On n’a plus ce genre de chose possible en zone urbaine chez nous et donc l’eau dévale sans la boue, sans la terre. Si on enlevait le béton, on aurait la même chose avec des coulées de boue. C’est une illusion de la bonne nature de prétendre comme certains écologistes que tout est lié à ce genre de chose. Alors bien sûr on a construit des campings au bord de la rivière, ces campings sont envahis. Les mobil-homes en tout genre partent comme des coquilles de noix. C’est regrettable, on aurait peut-être pas dû le faire il y a une cinquantaine d’années. Mai si on regarde cela sérieusement, même s’il fallait remplacer un certain nombre de cabanons tous les cinquante ans, ce n’est pas très grave.
Donc pas de responsabilité dans la délivrance des permis de construire, pour ce cas là? Parce que si l’on se souvient bien lors de la tempête Xynthia à la Faute-sur-Mer, là il y avait quand même des responsabilités, des choses qui n’auraient pas dû se passer ?
C’est totalement différent. La Faute-sur-Mer, c’était typiquement une faute d’urbanisme. Ici, il y a quelques petites fautes d’urbanisme mais pas sur l’ensemble du problème.

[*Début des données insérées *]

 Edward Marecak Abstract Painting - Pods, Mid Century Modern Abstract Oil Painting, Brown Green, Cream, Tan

Il faut bien voir que la loi date d’avant cette conception du risque zéro universel puisque la loi prévoit les catastrophes naturelles. Donc on prévoit que la solidarité nationale doit prendre en charge des choses inattendues, donc c’est admettre qu’elles peuvent arriver. Et fort heureusement nous avons encore cette loi. Une fois que les gens ont bien râlé sur le fait qu’il ne devrait pas y avoir de risque, même infime, on en appelle tous à la loi sur les catastrophes naturelles pour l’indemnisation.
Merci beaucoup Jacques Cohen, il nous reste une petite minute, un mot de conclusion ?

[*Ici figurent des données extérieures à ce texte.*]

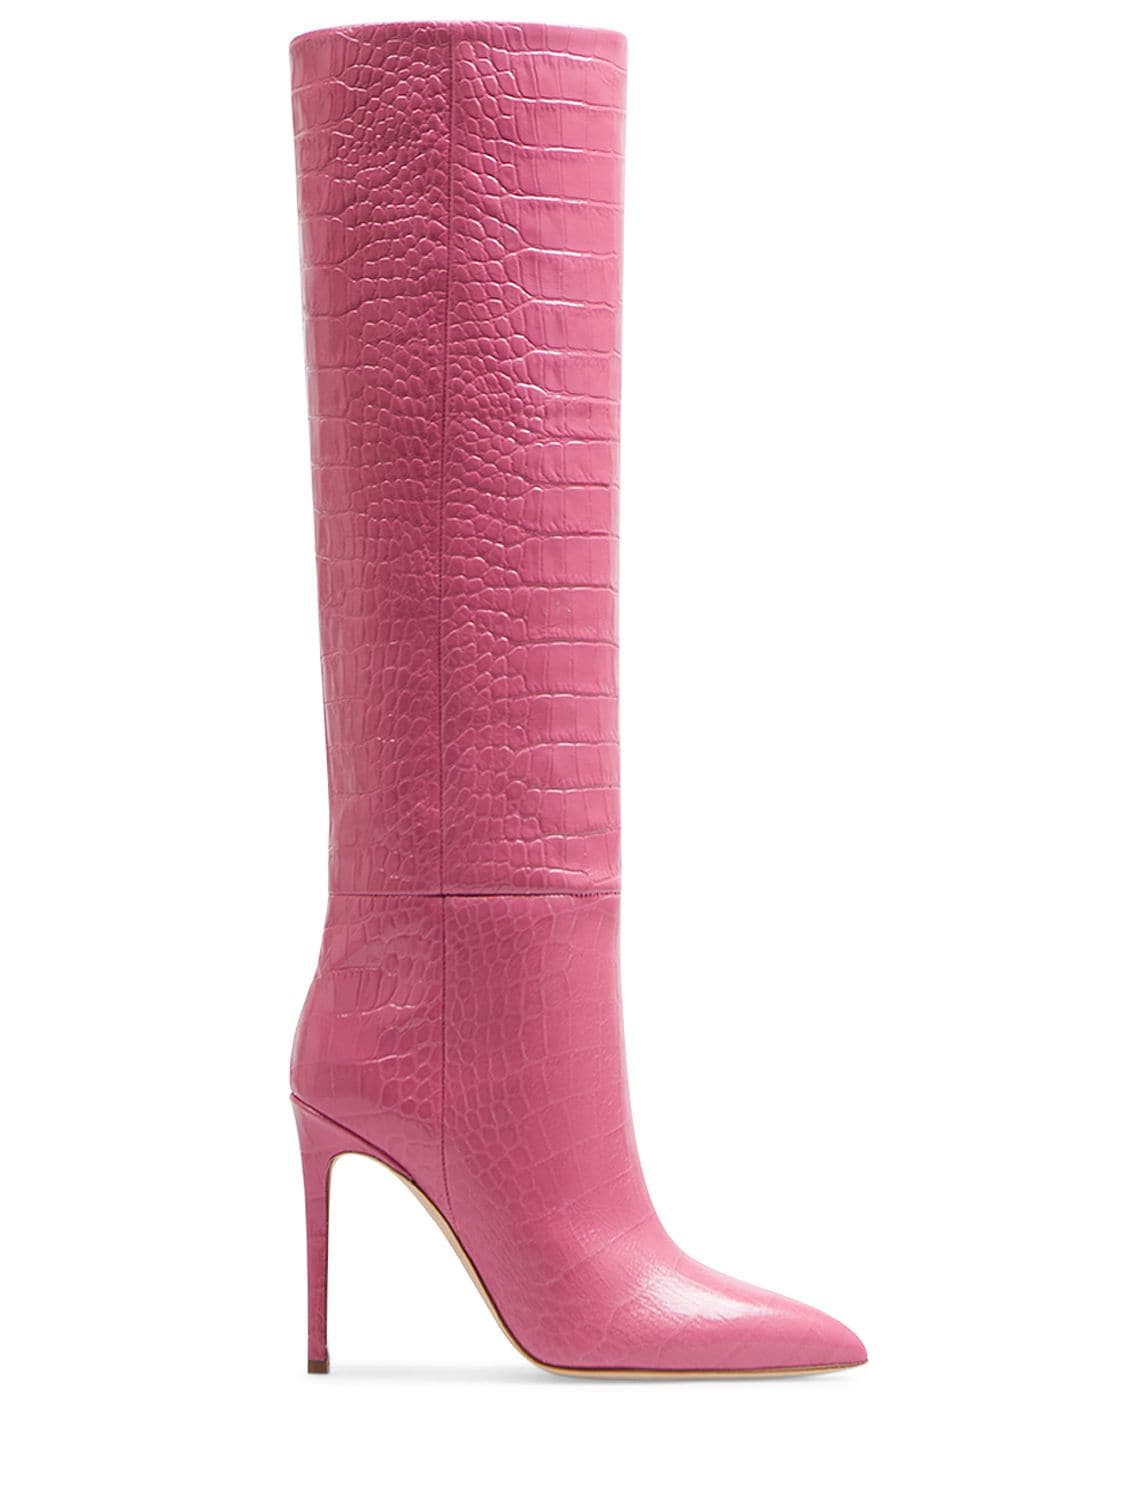 Paris Texas 105mm Croc Embossed Leather Tall Boots In Fuchsia

Je crois que c’est la responsabilité qui est le maître mot. La responsabilité et l’appréciation du danger. Ne pas se mettre en danger inconsidérément car dans le même temps qu’on veut une société du risque zéro, on s’en remet totalement à la société, même dans les situations où il faut se rendre compte qu’il n’est pas possible de traverser la rue quand elle est transformée en torrent.

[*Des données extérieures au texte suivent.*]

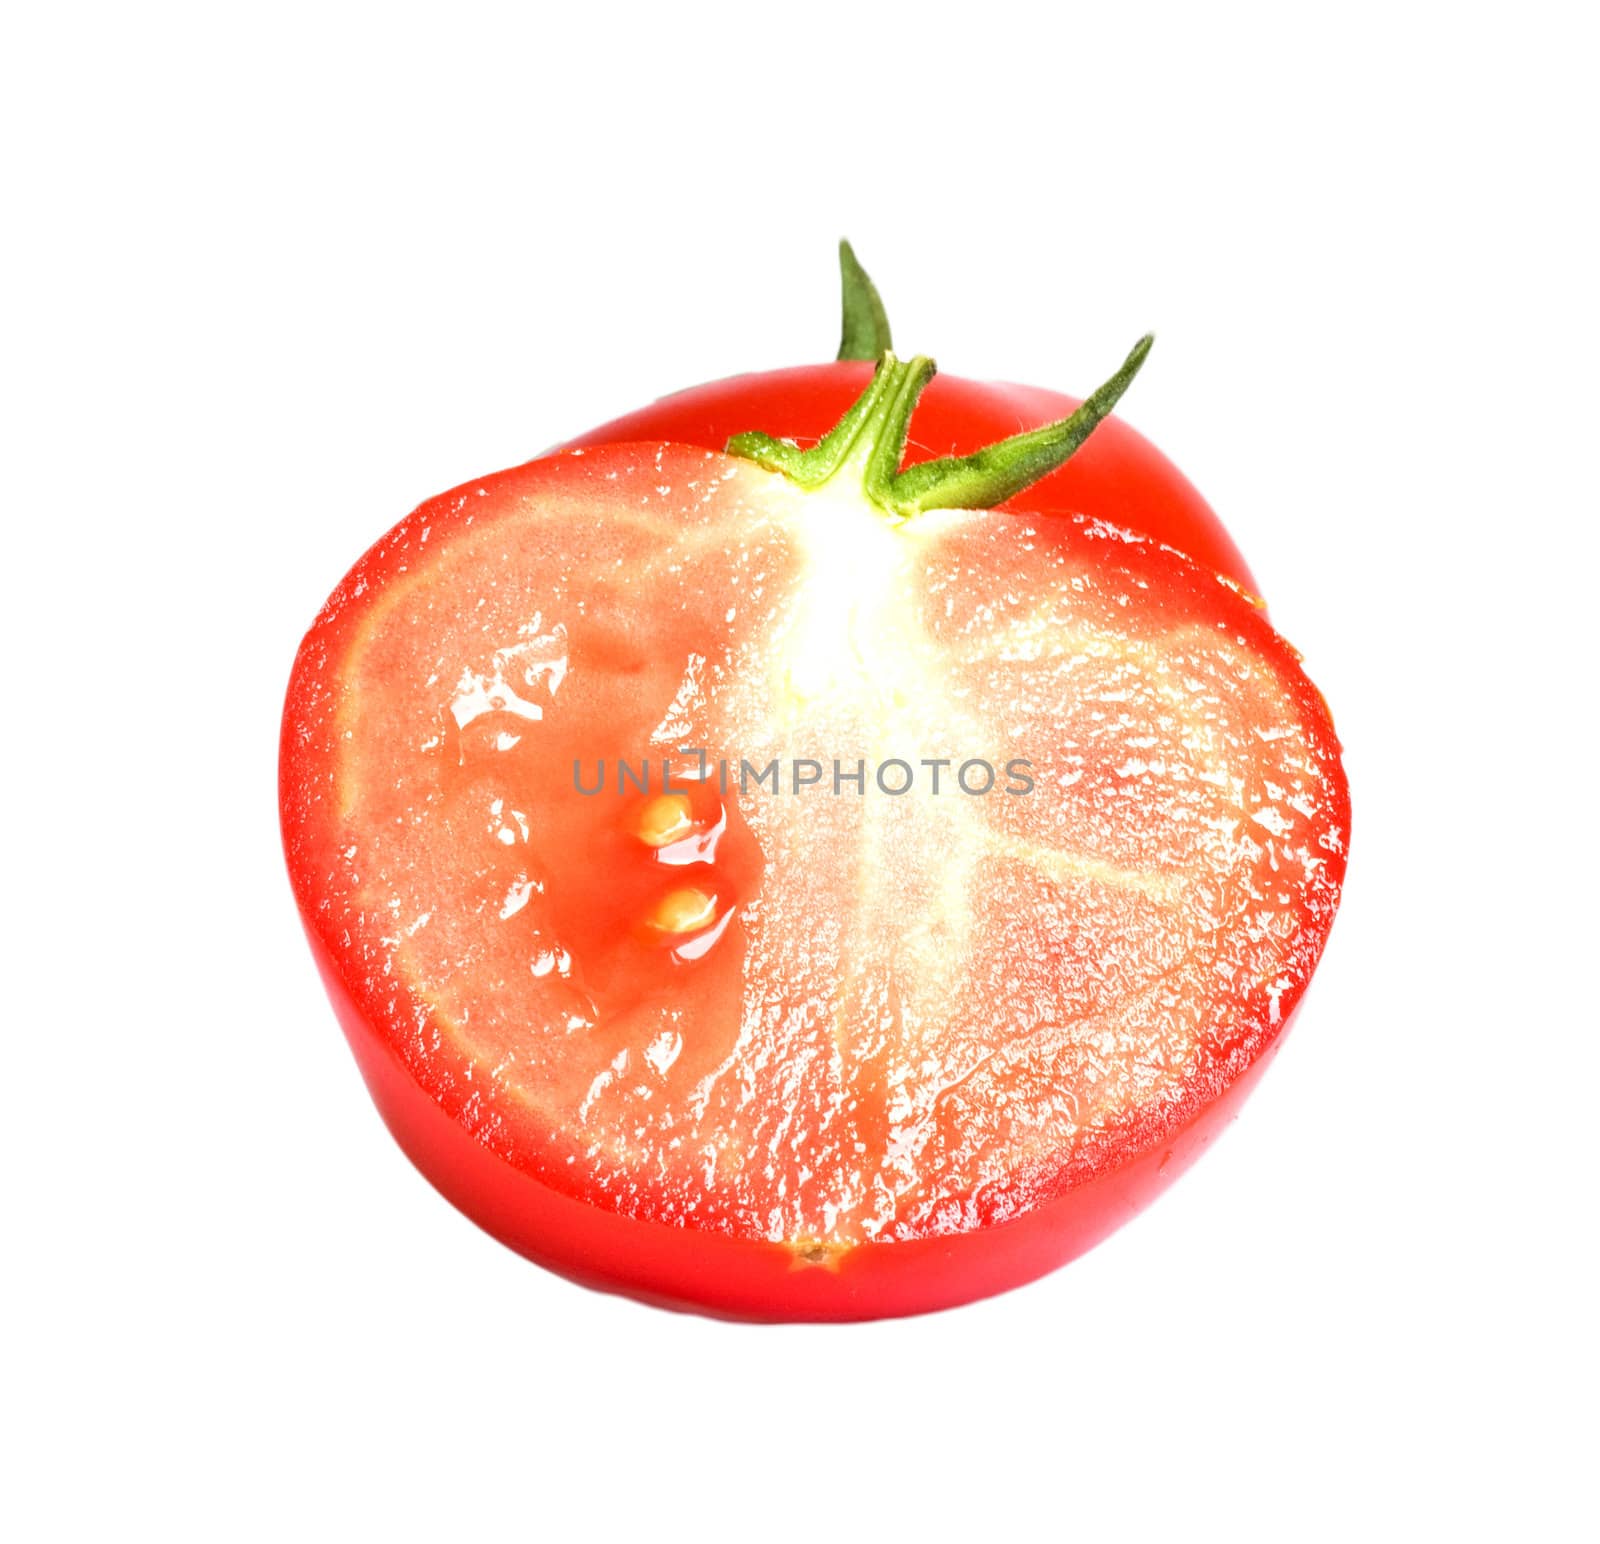 red tomato vegetable with cut isolated on white background

Il y a peut-être une survalorisation du bien matériel ?
Il y a aussi l’attachement. Comme toujours, les gens vont essayer de sauver leurs biens. Quand il faut d’abord penser à sauver sa peau.
Mon avis: on ne peut parler de seule fatalité quand les événements se répètent de façon accélérée: une fois à Vaison la Romaine, plusieurs fois dans le Var, deux fois à Montpellier, maintenant les Alpes maritimes. Les sinistrés disent tous « on n’a jamais vu ça, parce que l’orage précédent était u dessus d’un massif voisin… La géométrie classique des fleuves du Midi parle d’elle-même, vaste lit majeur qui est presque toujours un champ de cailloux, mais permet aux crues de s’évacuer en torrent impétueux. Et si les villages sont « perchés » dans l’arrière pays niçois, ce n’est pas pour « faire joli !
Construire dans les lits majeurs est tentant mais tellement périlleux… Le malheur est que ceux qui rendent constructibles ces terrains sans valeur et ceux qui y construisent ne sont pas toujours ceux qui y habitent… Bien cordialement ClC
C’est hélas souvent vrai. Mais cela concerne peu les pertes humaines de l’inondation concernée, sujet central de mon sujet, sauf les trois décès de la maison de retraite. Concernant le caractère exceptionnel, là aussi nous sommes dans l’exception: Il y a des relevés locaux depuis 1880 et aucune pluie équivalente.